Second, you can achieve what you need by using the generic split(regex, int limit) as below:
def line = "abc,abc,,,"
println line.split(/,/, -1) //prints [abc, abc, , , ]
println line.split(/,/, -1).size() //prints 5
Note:-
The string array you would end up in the print would throw a compilation error when asserted. But you can use the result as a normal list.
line.split(/,/, -1).each{println "Hello $it"}
I would rather use limit 0 or the overloaded split to discard unwanted empty strings.
Explanation on using -1 as limit:
Stress on the below statements from the javadoc.
The limit parameter controls the number of times the pattern is
applied and therefore affects the length of the resulting array. If
the limit n is greater than zero then the pattern will be applied at
most n - 1 times, the array's length will be no greater than n, and
the array's last entry will contain all input beyond the last matched
delimiter. If n is non-positive then the pattern will be applied as
many times as possible and the array can have any length. If n is zero
then the pattern will be applied as many times as possible, the array
can have any length, and trailing empty strings will be discarded.
Interesting. The split method works as expected provided there's a non-empty element at the end.
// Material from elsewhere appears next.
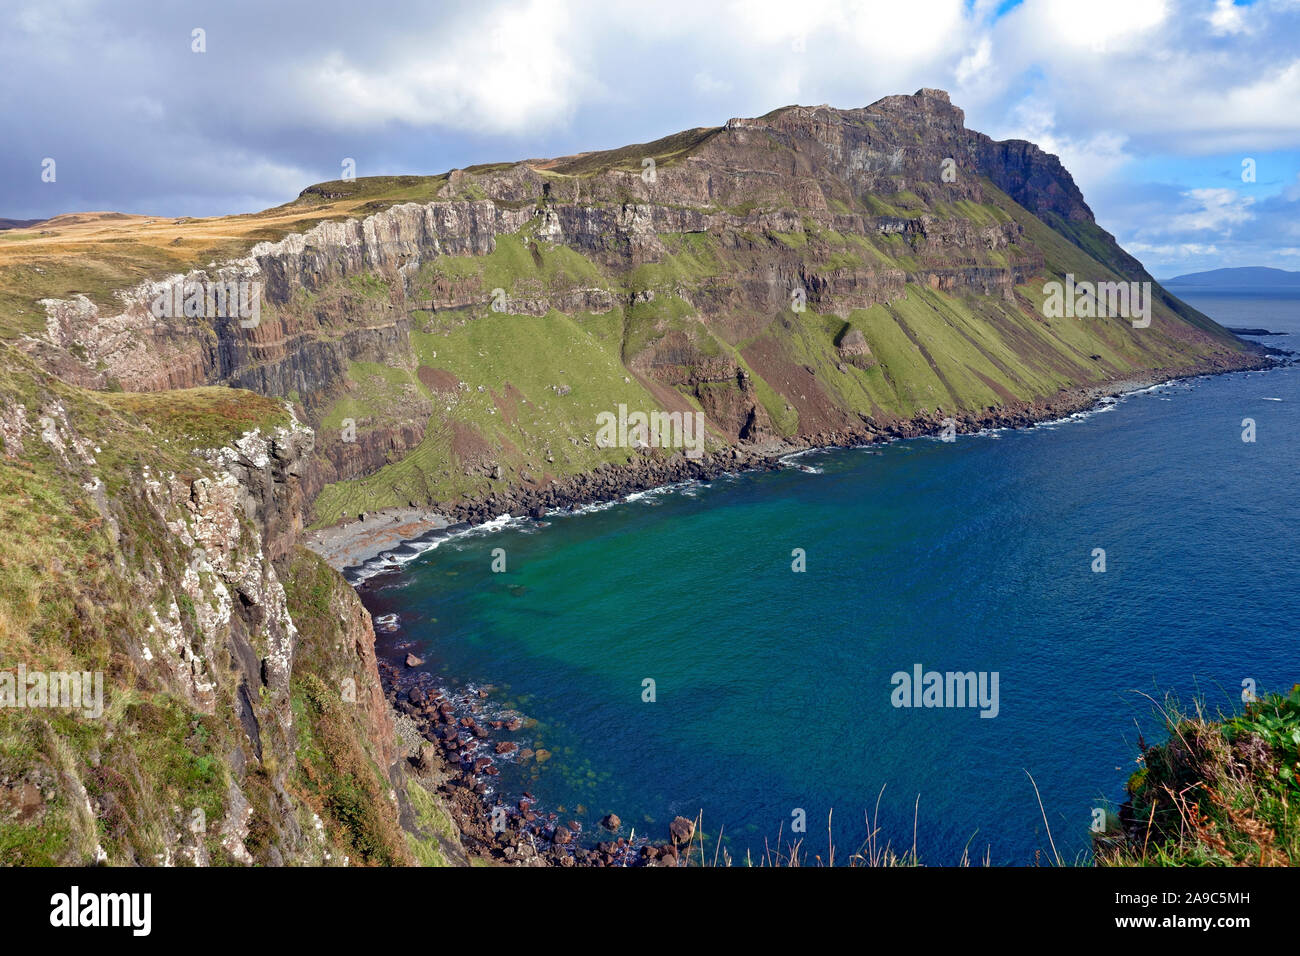 La costa frastagliata dell'isola di Mull. Queste scogliere remoto chiamato Binnein Gorrie sono conosciuto localmente come 'Gorrie's Leap' Foto Stock
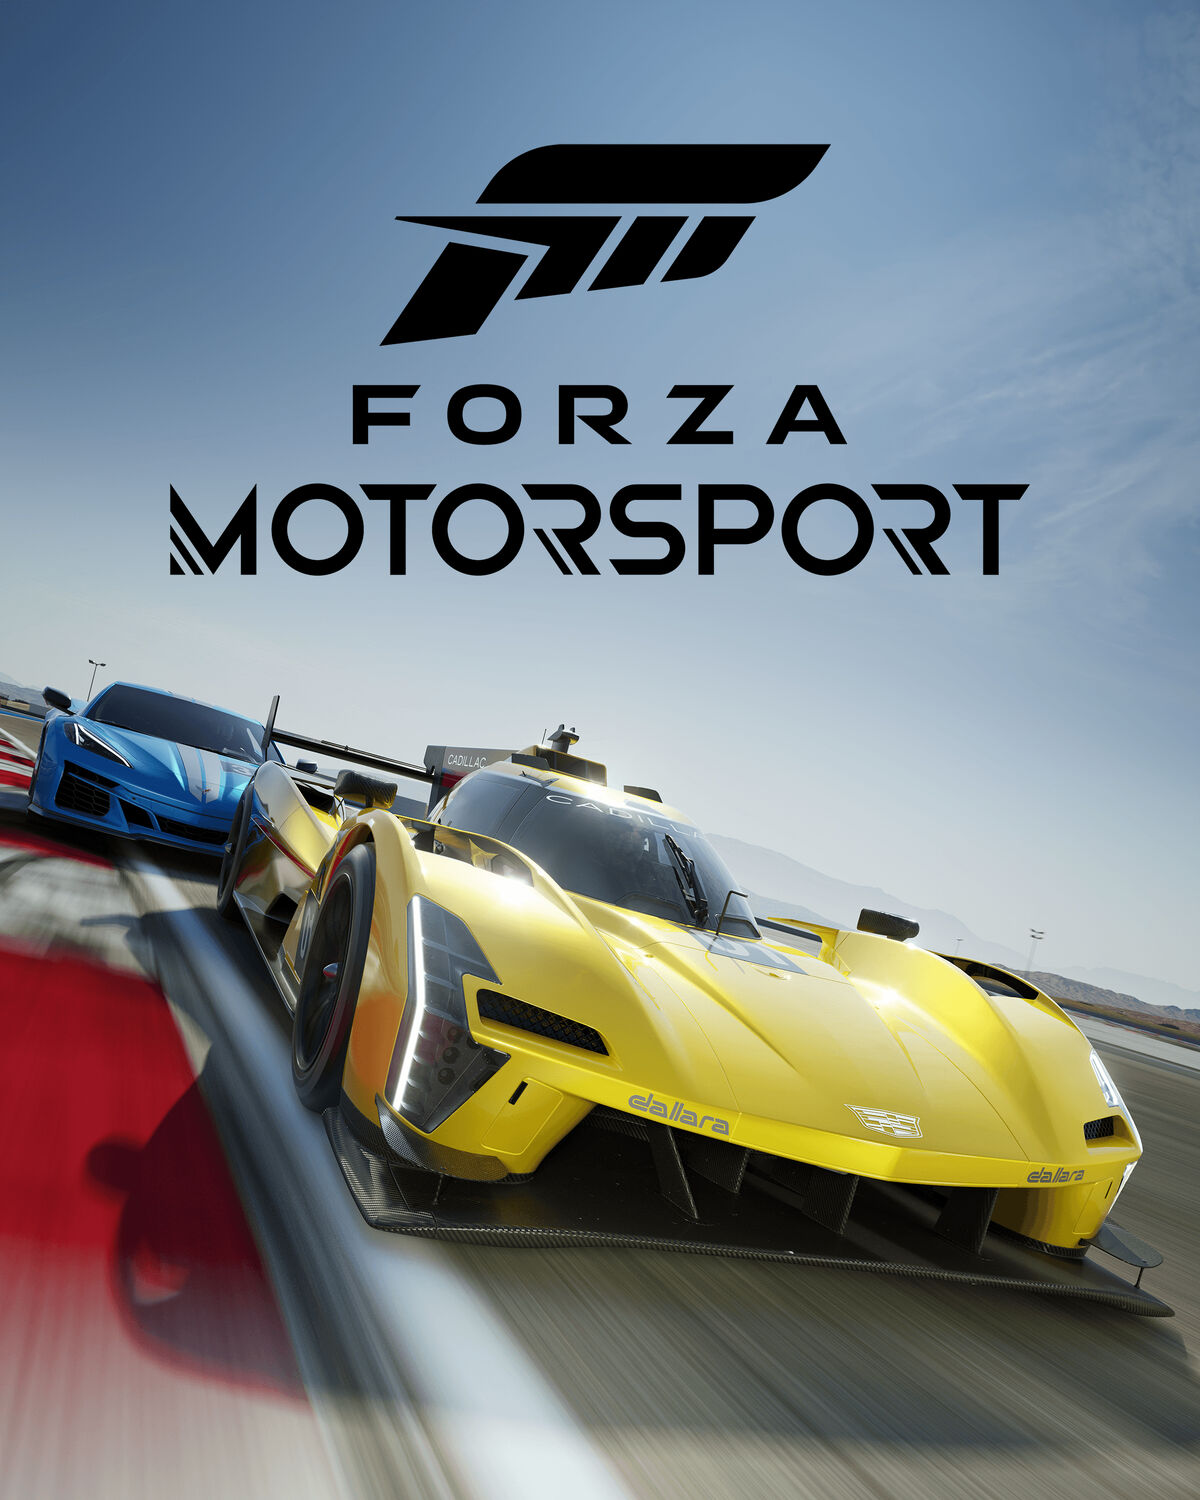 Forza Horizon, Forza Wiki

def list = 'abc,abc,,,abc'.split(/,/)
println list // prints [abc, abc, , ]
assert list.size() == 5
assert list[0] == 'abc'
assert list[1] == 'abc'
assert list[2] == ''
assert list[3] == ''
assert list[4] == 'abc'
Maybe you could just append a bogus character to the end of the string and sublist the result:
def list = 'abc,abc,,,X'.split(/,/) - 'X'
println list // prints [abc, abc, , ]